ALan Palmer

Known potter #38: Montville Pottery

3825

Montville Pottery. Tenmoku vase. Base

This 30 cm high two-handled vase of classical form has a tenmoku glaze breaking to rust in narrow horizontal stripes on the ribbed body, which is also decorated with vertical lines of white slip. The vase is impressed on the base with the single word  ‘Montville’. We now have quite a few Montville Pottery works in our collection. This one, found on a visit to Lismore, presents so well in the gallery that it prompted me to find out more about its makers, and to share that knowledge here.

Montville Pottery was the first craft workshop in the Sunshine Coast hinterland area. It was set up by English emigrants David and Audrey (Bimmy) Everett in 1966, and  quickly gained a reputation for the quality of its production line. The New Zealand potter Royce McGlashen worked there in 1973 on his way to England. Ian and Jennifer MaCrae managed the pottery for the Everetts from October 1973 to December 1975. The pottery was then sold to Ian Lawrence, who leased it to Sonia Anketell from 1976-late 1979.

Our vase dates from the first half of the 1980s, after local entrepreneurs Helen and Peter Brierty had bought into the pottery, and before they left for Thailand in October 1985. The Briertys modernised the pottery and expanded the range from domestic tableware to more decorative pieces like ours.  As part of this process, they invited the Melbourne potter, Stephen Fletcher, to manage the pottery for eighteen months, and he introduced new glazes and techniques.  Alan Stirling then took over as manager until moving away from the district in 1985.

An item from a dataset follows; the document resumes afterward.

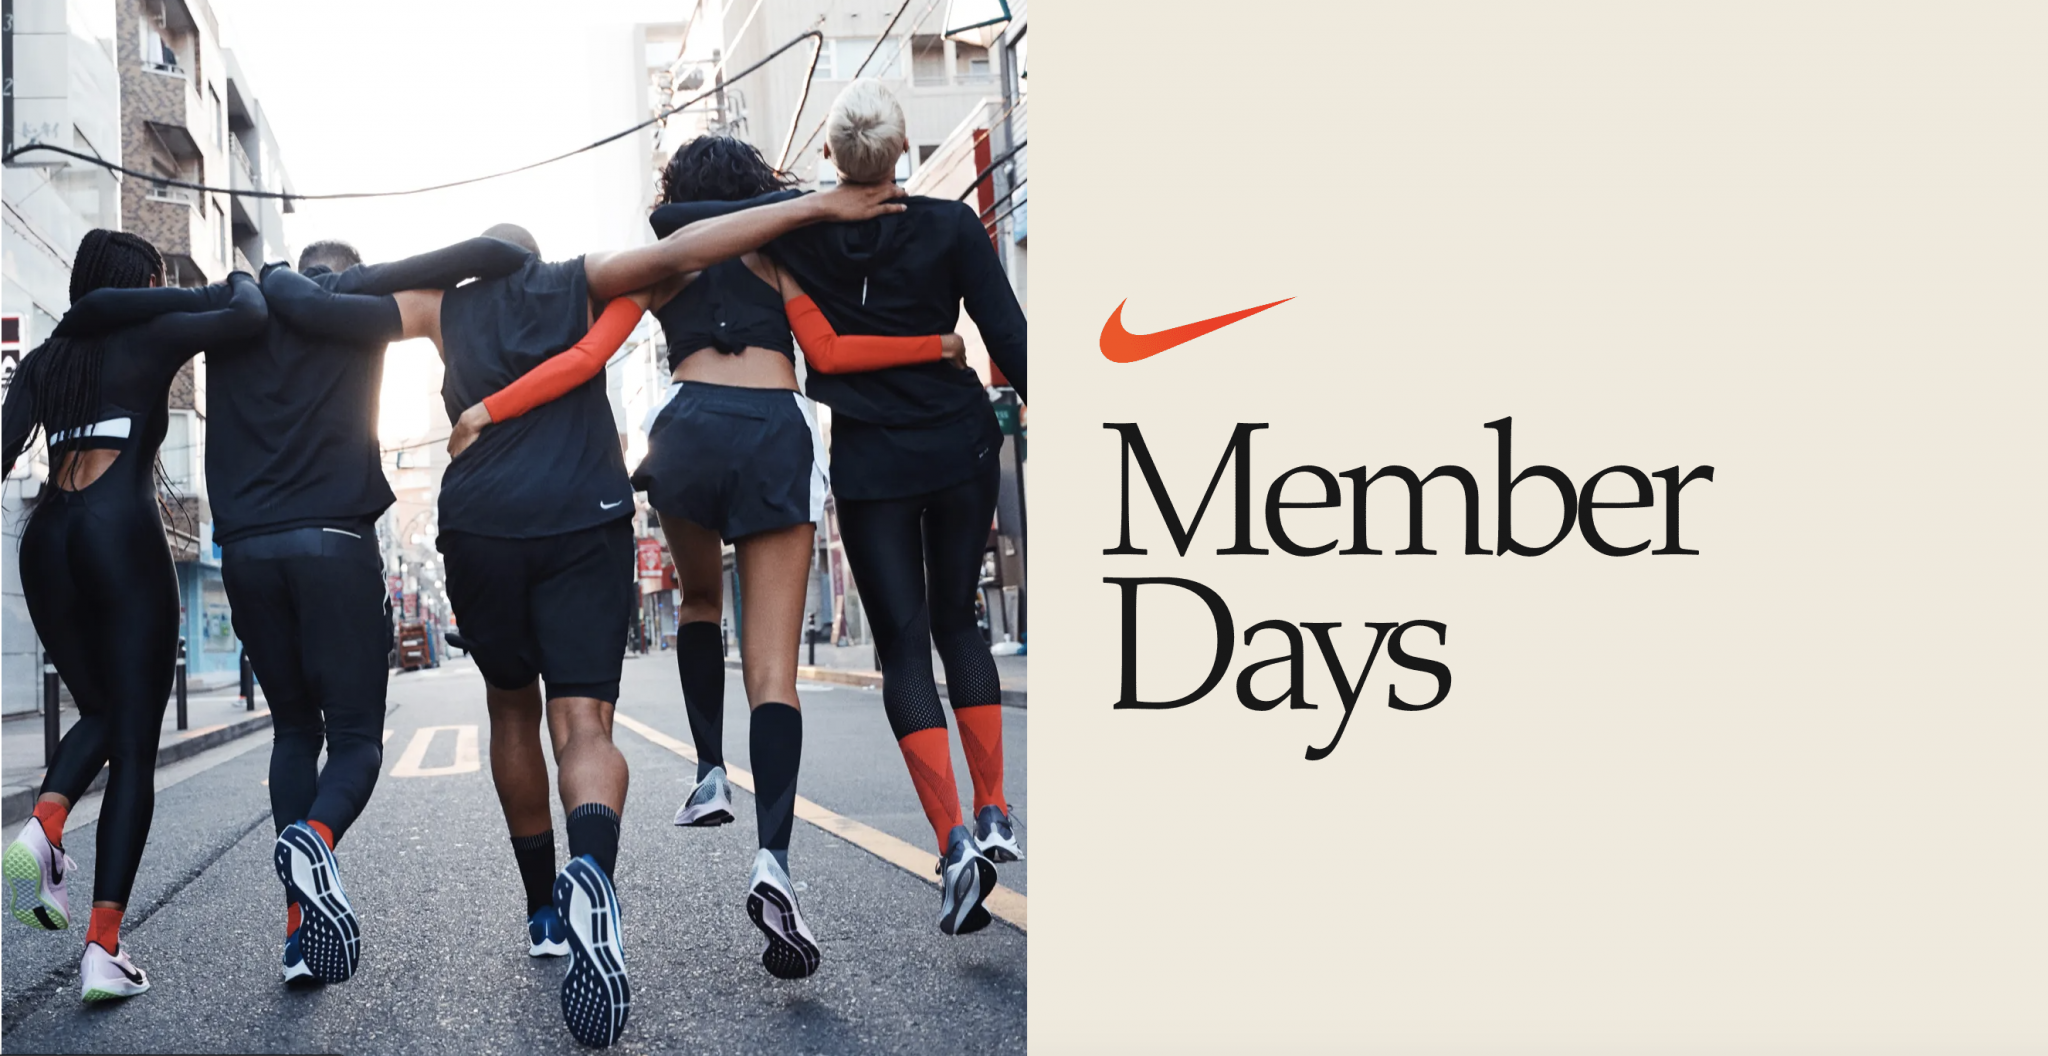 Nike members can save up to 50% on

After the Briertys left, Ian Reid, and then Richard Owens, took over  the pottery. I am still not certain of the details from this period, or when the pottery closed, but I do know that it was demolished in 1998 to make way for a new complex called ‘The Pottery Building’ which now houses a variety of shops. Locals and tourists, and the people who worked there, still recall the days of the old Montville Pottery and there have been several moves to bring galleries and working artists back into the main street.

Tentative timeline

Timeline

Corrections and additions to this information are welcome!

Dating Montville Pottery

Montville Pottery. Early work Montville Pottery. Ginger jar. Mark and flyer

Montville Pottery. Leaf dish and utensil holder Montville Pottery. Utensil holder. Mark

The flyer accompanying the ginger jar, on the left dates it to the Everett years. All of the pieces in this image have an impressed ‘Montville’ mark in a quirky font. The ginger jar also has Bimmy Everett’s personal mark, and the pourer has a second impressed ‘VH’ mark for Val Harvey, one of the Everett’s trainees. During the Brierty years all the work bears the title case mark on our vase. The press-moulded leaf and the utensil holder celebrating the pottery’s longevity on the left are both impressed with an upper case ‘Montville’ mark.  This dates them both, I think, after 1985.

Postscript:

Montville Pottery montville pottery

Here are two more marks for Montville Pottery added to the Montville Pottery entry on Identifying Australian Pottery by essjt. One is a pencilled ‘Montville’ with a circle around it, the other a ‘Montville Pottery Est 1967’ printed stamp which also has an impressed stamp saying ‘Made in Australia Inga Szimke’. So here is the name of another person working at Montville for a time, possibly during the 1966-1973 period.

Postscript 2:

I’ve just read in Glenn R. Cooke, “Archaic Investigations”, Craft Arts International, No. 32, 1994-5, p.39 that Glen Manning spent time as manager of Montville Pottery in 1980. This must have been before Stephen Fletcher arrived.

References

  • “Montville Pottery story”, Nambour Chronicle and North Coast Advertiser, 29 August, 1974, page 26.
  • Art & Pottery return to the Pottery Centre”, Montville Times News Archive
  • Correspondence with Sonia Anketell, Helen Brierty, Stephen Fletcher, Ian MacRae, Joe Ottaway, Graham Suttor, and others, still in progress.